(Prompt)
Exclude the pictures and transcribe the rest of the data below exactly.

(Dataset section)

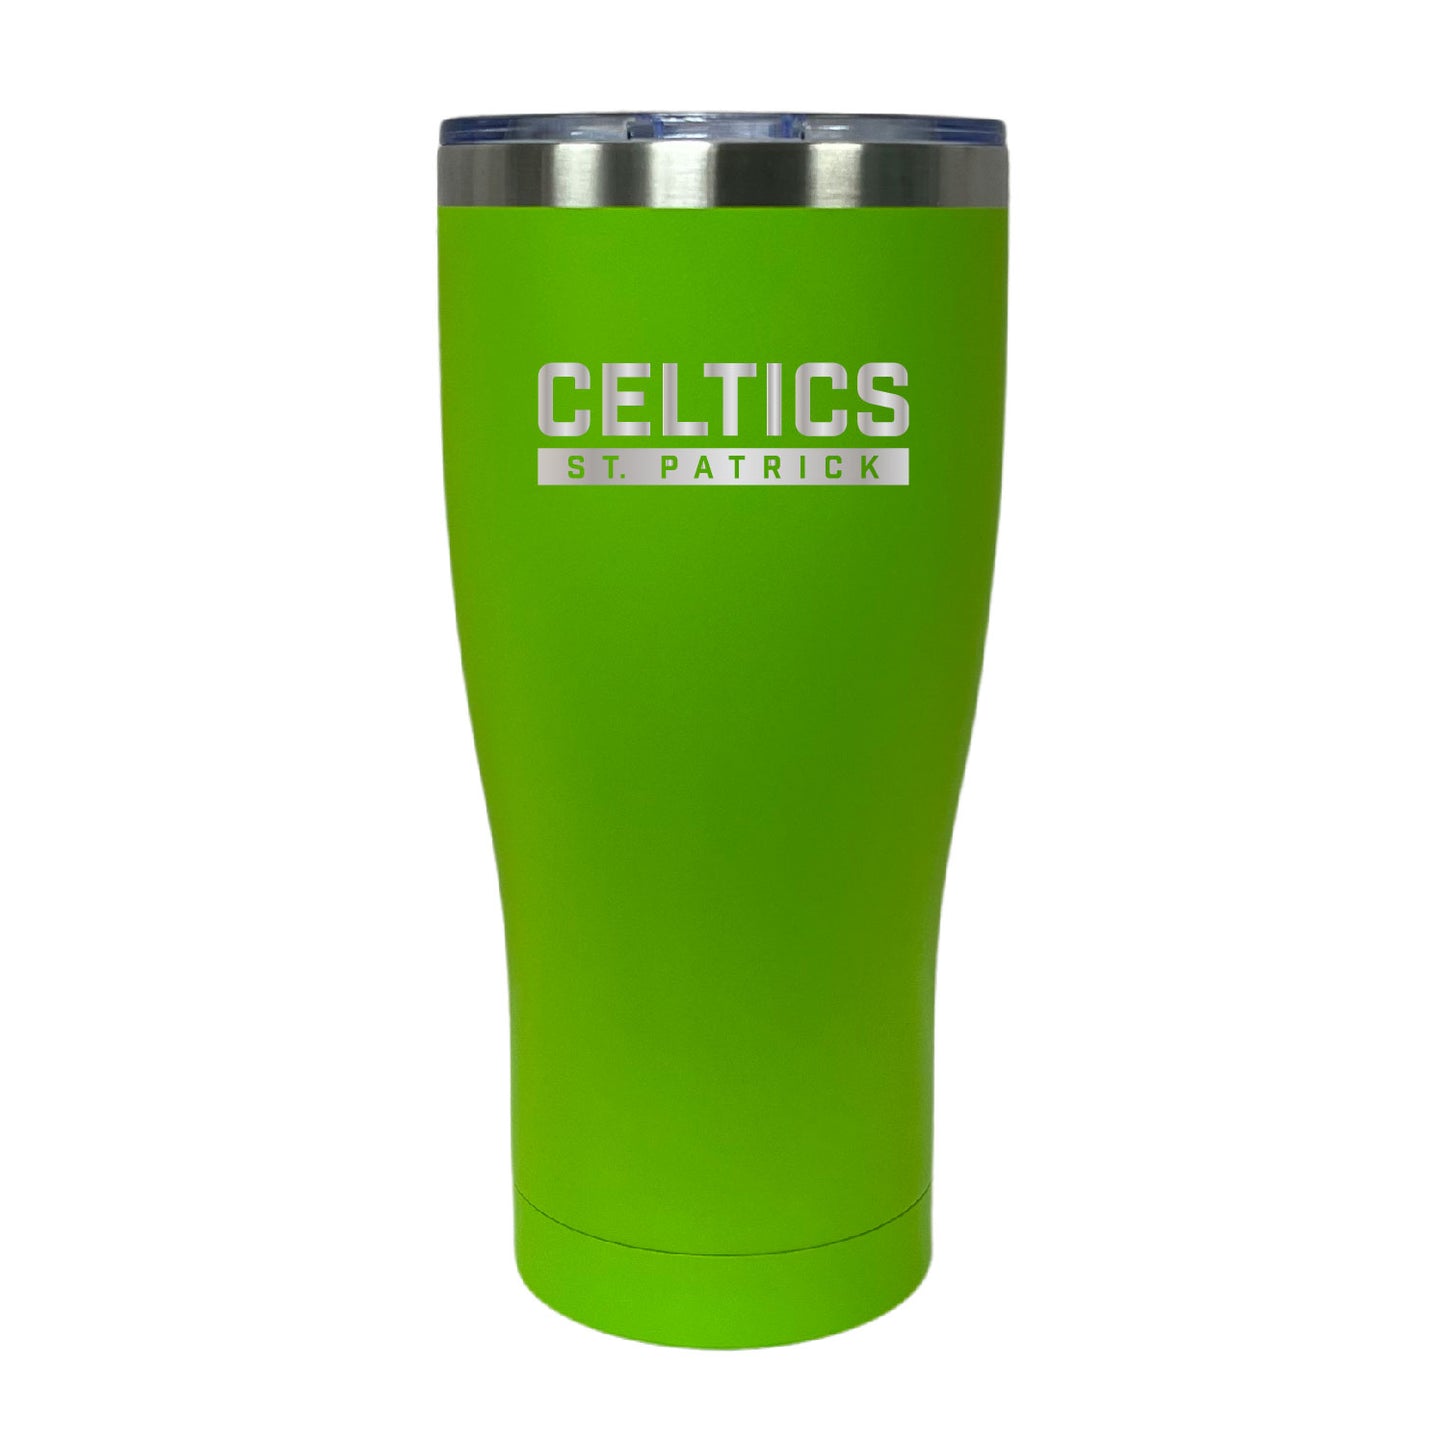 Celtics| Laser Engraved Tumbler
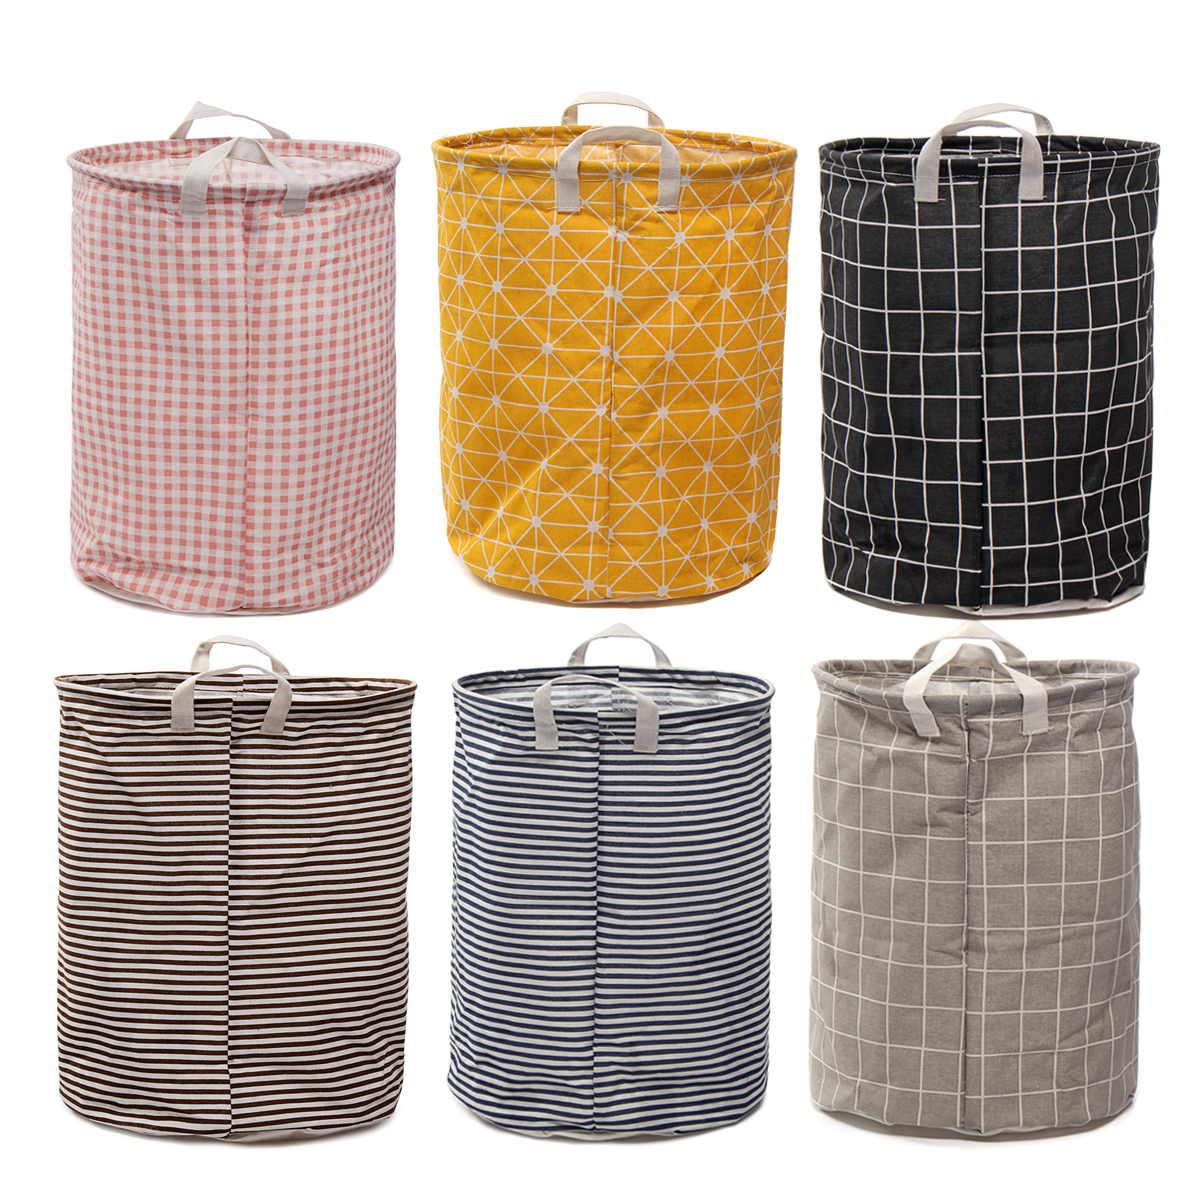 

Foldable Large Storage Laundry Hamper Clothes Baskets Sorter Canvas Laundry Washing Bag
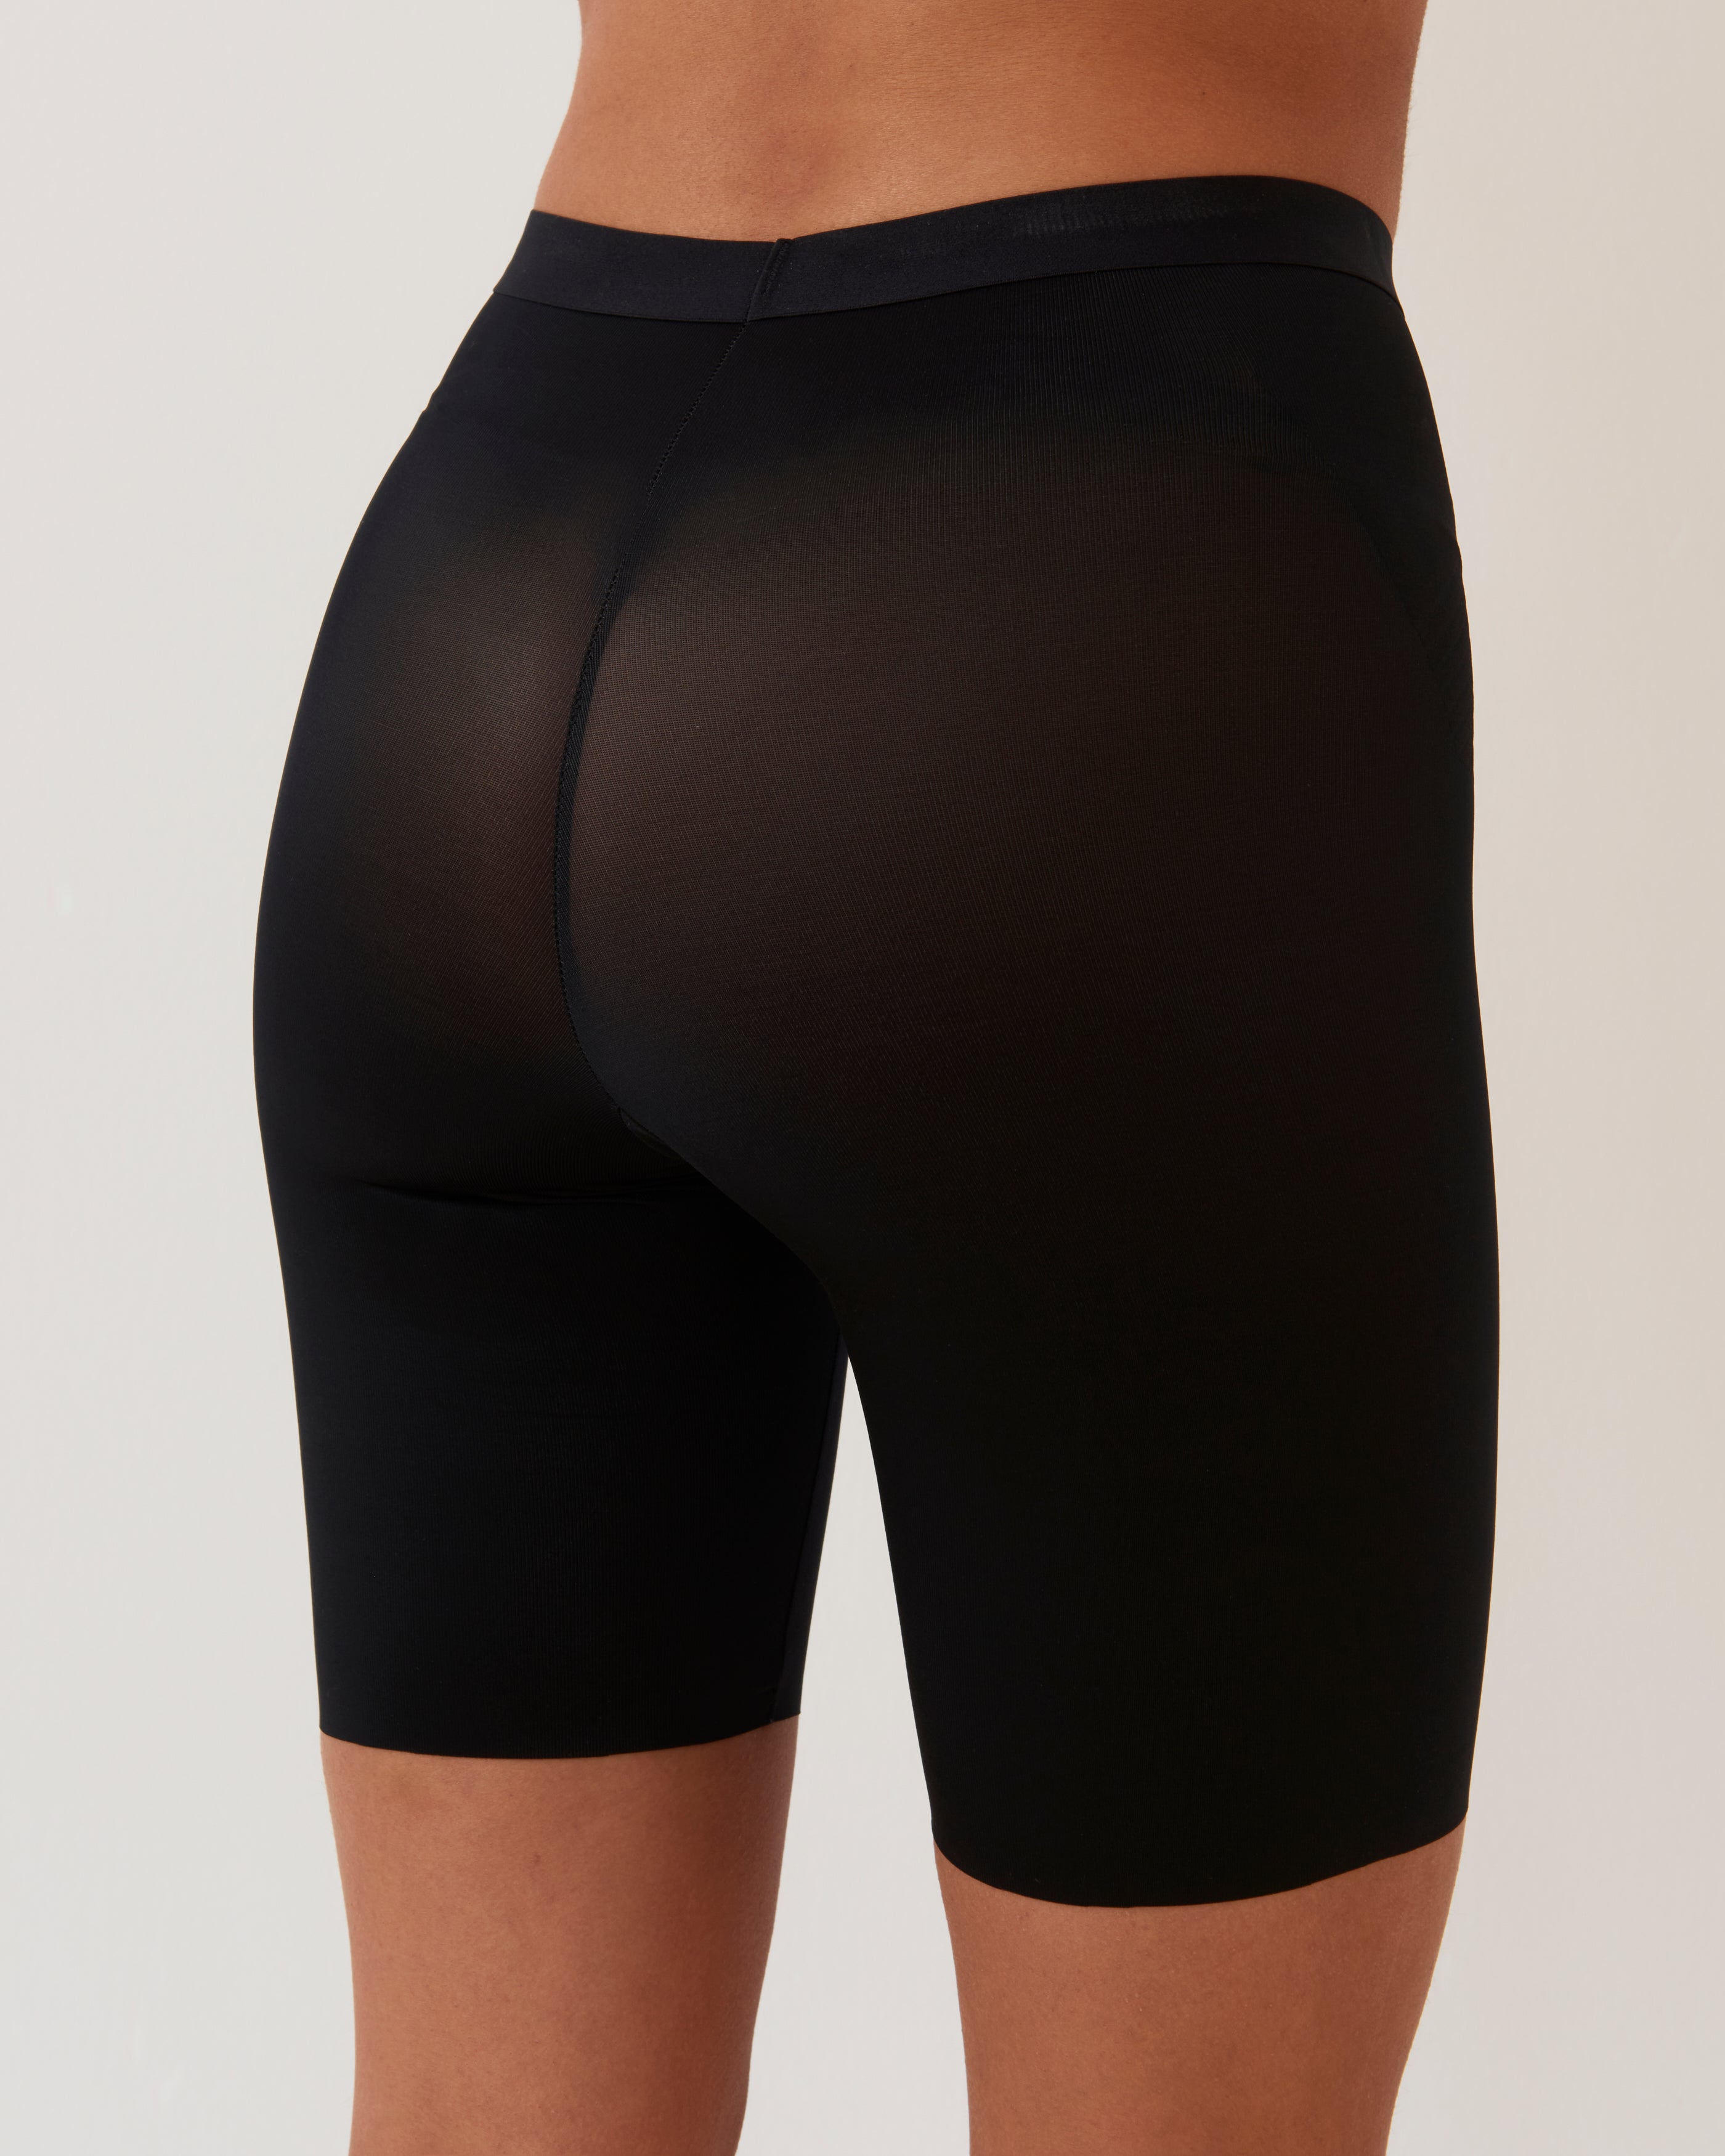 Black Slimming Pants by SPANX

(Answer box)
 Celtics| Laser Engraved Tumbler

Foldable Large Storage Laundry Hamper Clothes Baskets Sorter Canvas Laundry Washing Bag
 Black Slimming Pants by SPANX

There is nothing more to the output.